Только бы скорее добраться. Потому что уже начинает кружиться голова, как на палубе корабля, а это очень страшно. Кто-нибудь другой, может, и плюнул бы на такую мелочь, но он… Он знает это свое состояние и боится его даже больше, чем ветра и стужи. И с ветром, и со стужей можно бороться, можно терпеть, а вот когда подходит такое, тут уже ничего с собой не поделаешь.

«К черту, — подумал Саня, — надо спускаться вниз! Стать на твердую землю, растереть руки снегом и бежать в вагончик, где жаром пышет печка. Муров скажет: „Я говорил, что это сумасбродство…“ Пожалуй, Муров прав. Это действительно сумасбродство».

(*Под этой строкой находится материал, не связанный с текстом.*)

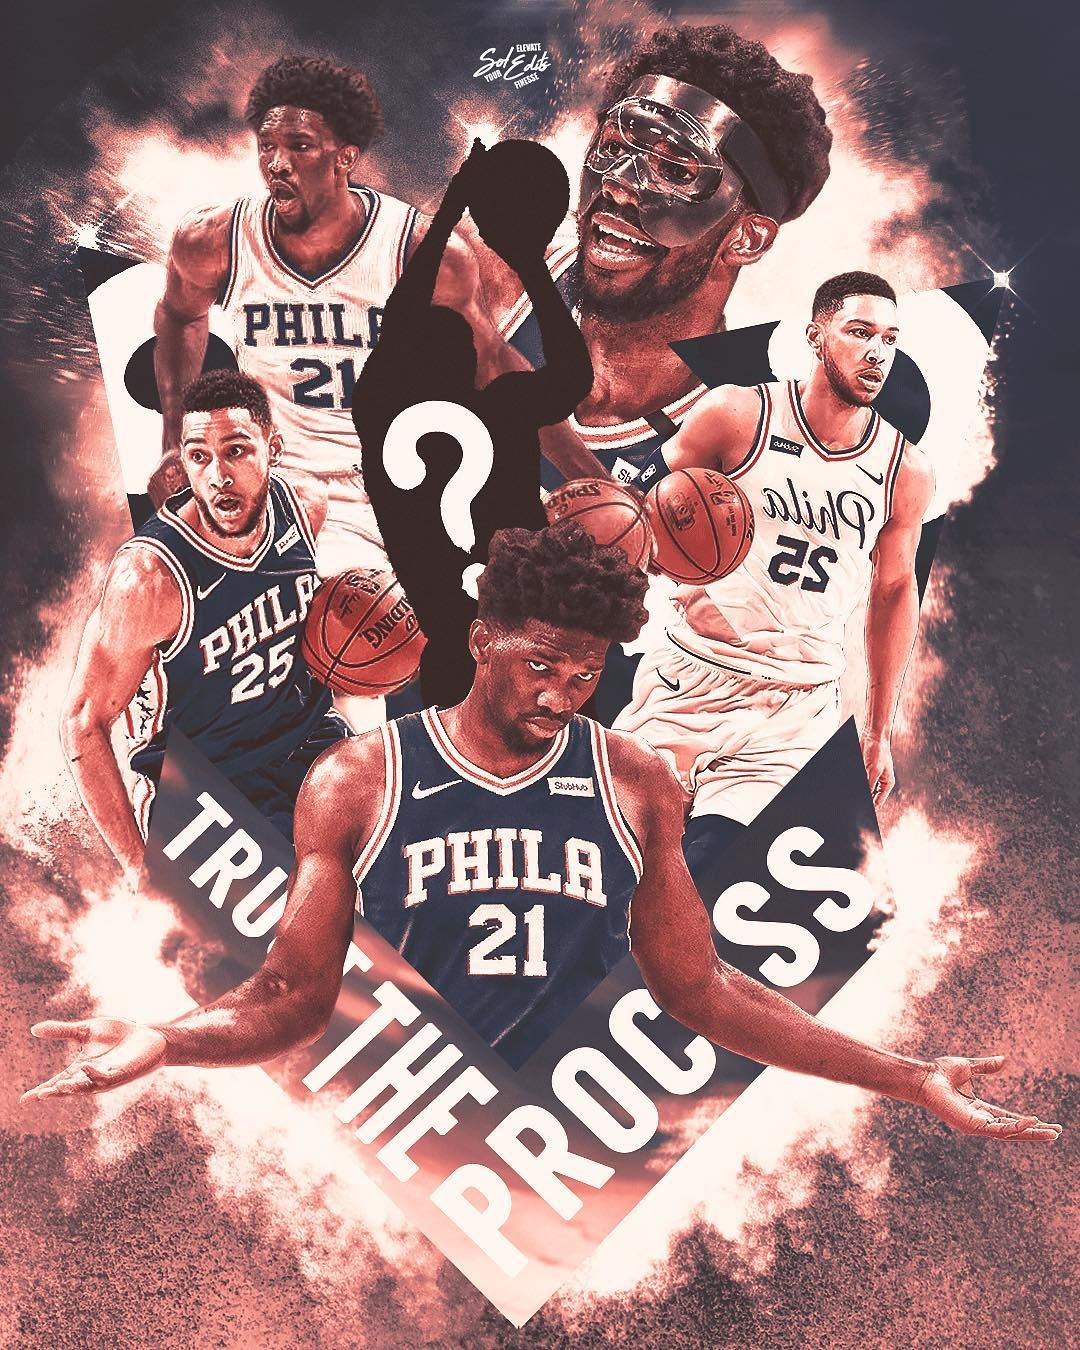 Pin By Marley Morebucks Davis On Nba Philadelphia 76ers Nba Art 76ers

Кердыш впервые посмотрел на землю. И удивился: отсюда, с высоты, все было видно значительно лучше. Словно через тонкий слой льда просматривались люди, копошащиеся у составов с лесом, маневровые паровозы, штабеля бревен и земля, по которой мчались эшелоны снега. У самого подножия крана стояли крановщики. Среди них — и стивидор Белоян, закутанный в башлык. Вот только не видно Степы Ваненги. Наверно, пошел к другому крану и, может быть, уже тоже карабкается по скользким перекладинам, тобоками раздавливая наледь и сбрасывая ее вниз. Потом полезет Деда, за ним — Чирков, а там — и все остальные. Муров тоже полезет, хотя не раз и задохнется от страха… Ну что ж, страх — это не стыдно, главное — побороть его в себе, не дать ему завладеть собой…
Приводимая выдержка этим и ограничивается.